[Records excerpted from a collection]
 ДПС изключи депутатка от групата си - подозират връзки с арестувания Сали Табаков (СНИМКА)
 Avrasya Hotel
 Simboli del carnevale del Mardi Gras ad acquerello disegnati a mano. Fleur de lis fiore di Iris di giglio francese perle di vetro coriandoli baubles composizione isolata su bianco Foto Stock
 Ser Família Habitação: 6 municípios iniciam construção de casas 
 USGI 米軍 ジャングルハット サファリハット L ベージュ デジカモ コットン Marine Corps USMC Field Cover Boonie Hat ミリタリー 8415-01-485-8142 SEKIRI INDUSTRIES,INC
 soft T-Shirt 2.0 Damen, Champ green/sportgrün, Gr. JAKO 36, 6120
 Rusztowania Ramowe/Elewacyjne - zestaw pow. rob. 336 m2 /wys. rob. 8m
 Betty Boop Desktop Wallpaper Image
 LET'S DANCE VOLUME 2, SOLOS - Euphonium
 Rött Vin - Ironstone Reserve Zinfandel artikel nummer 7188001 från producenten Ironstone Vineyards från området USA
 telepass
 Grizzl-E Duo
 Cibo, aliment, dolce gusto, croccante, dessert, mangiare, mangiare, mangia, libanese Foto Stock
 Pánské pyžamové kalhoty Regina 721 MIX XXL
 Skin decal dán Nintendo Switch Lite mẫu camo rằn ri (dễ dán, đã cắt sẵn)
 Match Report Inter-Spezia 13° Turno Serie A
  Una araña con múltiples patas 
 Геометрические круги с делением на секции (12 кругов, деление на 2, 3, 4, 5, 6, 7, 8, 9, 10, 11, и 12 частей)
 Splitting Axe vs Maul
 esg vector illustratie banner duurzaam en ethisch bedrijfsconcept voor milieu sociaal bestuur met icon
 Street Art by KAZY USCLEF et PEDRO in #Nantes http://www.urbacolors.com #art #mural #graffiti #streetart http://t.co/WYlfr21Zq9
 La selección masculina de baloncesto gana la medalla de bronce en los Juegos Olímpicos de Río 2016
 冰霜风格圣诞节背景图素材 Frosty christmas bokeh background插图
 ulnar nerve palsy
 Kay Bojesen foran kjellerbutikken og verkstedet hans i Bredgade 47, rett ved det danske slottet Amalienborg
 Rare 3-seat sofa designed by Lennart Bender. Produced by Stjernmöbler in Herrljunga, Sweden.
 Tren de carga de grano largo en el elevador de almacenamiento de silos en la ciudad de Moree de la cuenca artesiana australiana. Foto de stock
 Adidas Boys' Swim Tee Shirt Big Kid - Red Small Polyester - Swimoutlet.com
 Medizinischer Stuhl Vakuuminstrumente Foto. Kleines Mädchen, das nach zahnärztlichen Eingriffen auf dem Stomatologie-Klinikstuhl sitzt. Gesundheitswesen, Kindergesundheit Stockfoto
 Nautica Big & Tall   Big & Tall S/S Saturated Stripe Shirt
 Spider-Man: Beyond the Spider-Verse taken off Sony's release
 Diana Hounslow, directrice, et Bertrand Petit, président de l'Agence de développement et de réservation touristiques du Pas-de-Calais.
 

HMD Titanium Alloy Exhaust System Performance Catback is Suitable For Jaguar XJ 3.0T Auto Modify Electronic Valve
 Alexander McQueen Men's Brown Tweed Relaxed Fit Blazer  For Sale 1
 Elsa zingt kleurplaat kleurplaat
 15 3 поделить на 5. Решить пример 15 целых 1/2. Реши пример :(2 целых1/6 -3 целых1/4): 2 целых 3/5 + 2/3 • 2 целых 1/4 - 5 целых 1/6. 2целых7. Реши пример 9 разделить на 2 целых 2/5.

■ WHAT YOU WILL DO
Note every line above where the string "Foto" shows up, and copy those lines.

■ EXERCISE RESPONSE
 Simboli del carnevale del Mardi Gras ad acquerello disegnati a mano. Fleur de lis fiore di Iris di giglio francese perle di vetro coriandoli baubles composizione isolata su bianco Foto Stock
 Cibo, aliment, dolce gusto, croccante, dessert, mangiare, mangiare, mangia, libanese Foto Stock
 Tren de carga de grano largo en el elevador de almacenamiento de silos en la ciudad de Moree de la cuenca artesiana australiana. Foto de stock
 Medizinischer Stuhl Vakuuminstrumente Foto. Kleines Mädchen, das nach zahnärztlichen Eingriffen auf dem Stomatologie-Klinikstuhl sitzt. Gesundheitswesen, Kindergesundheit Stockfoto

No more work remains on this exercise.